# Colours For Grey Knight Librarian



## asianavatar (Aug 20, 2007)

I am painting my grey knights in a blended grey with red one leg and one shoulder. Eg pic below:










I know librarians are suppose to have blue armour, but is this standard for grey knight librarians as well. If it is, how would you suggest I paint the armour to show its a librarian but keep it tied in with the rest of my army.


----------



## Azkaellon (Jun 23, 2009)

The one painted in GW's site is Boltgun with a blue shoulder pad if i remember right....so why not try that?


----------



## lav25gunner (Dec 13, 2008)

Chop of the blade of the Halberd and replace with a SM banner top so it looks like a librarian staff. Drill some holes on the helmet and stick wires into is so it looks like a psychic hood.
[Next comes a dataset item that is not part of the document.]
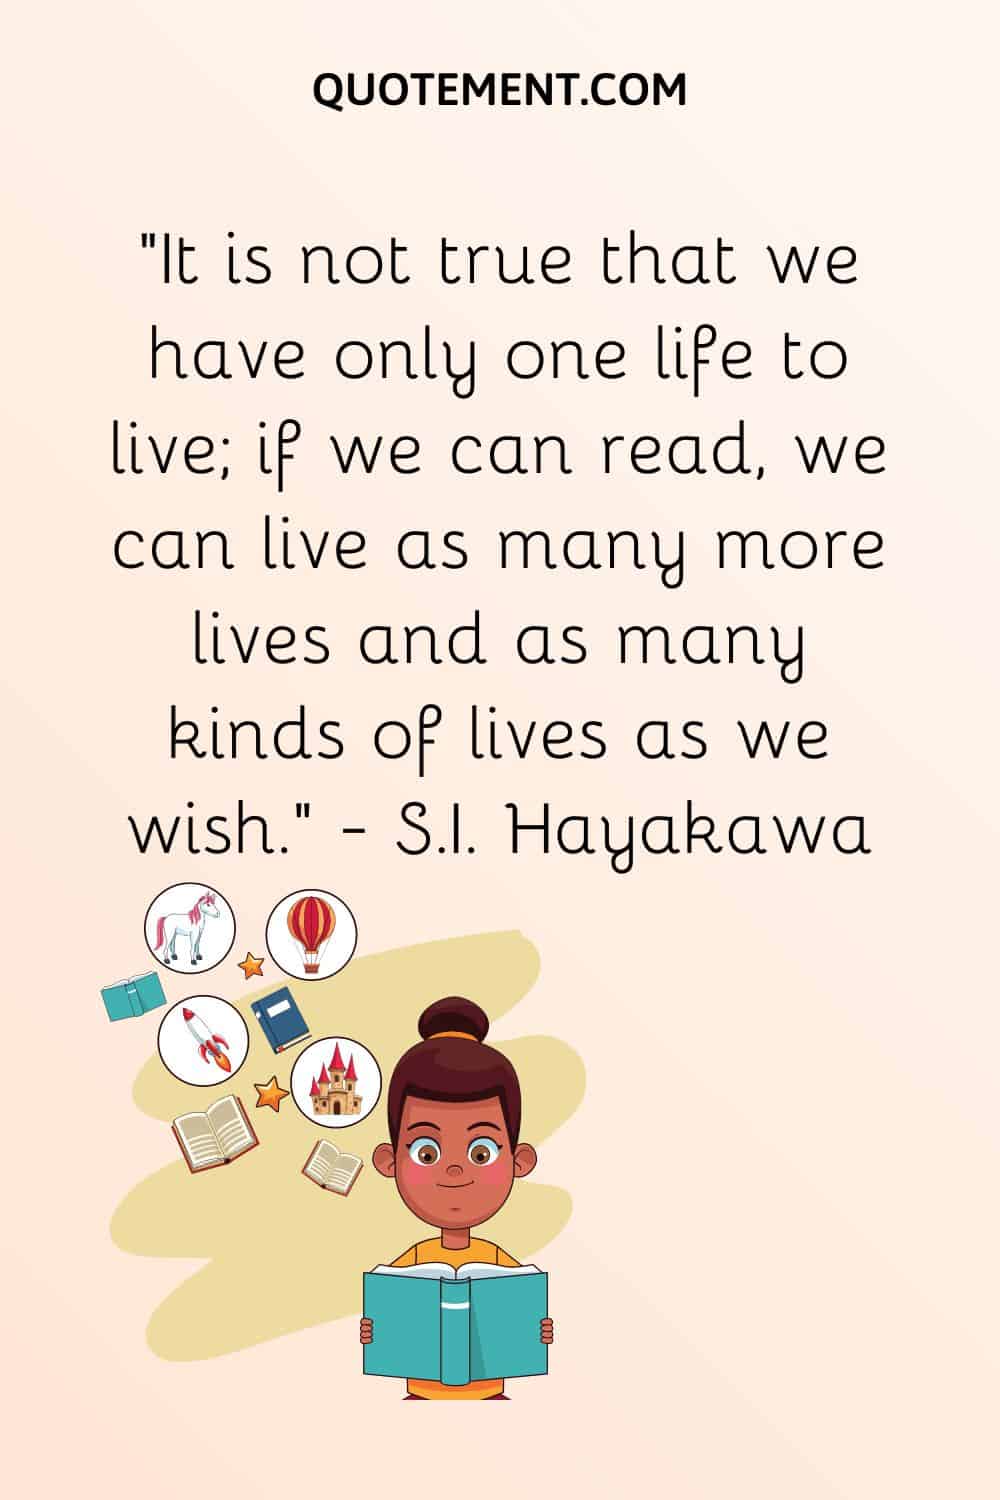 “It is not true that we have only one life to live; if we can read, we can live as many more lives and as many kinds of lives as we wish.” — S.I. Hayakawa

See if you can't get a book bit from a fantasy kit and glue it to a shoulder pad.

Oh crap. You asked how to paint it, not how to make one.
Yeah, you can just do what GW did here >*GK Lib*<


----------



## The Wraithlord (Jan 1, 2007)

> I know librarians are suppose to have blue armour, but is this standard for grey knight librarians as well. If it is, how would you suggest I paint the armour to show its a librarian but keep it tied in with the rest of my army.


In all honesty I will say this: paint it however you wish to. Don't be a slave to the GW fluff machine and feel like you must paint a model a certain way as that is just not the case. Paint it however you wish. That is what I do and I have yet to have a problem in a game because of it.


----------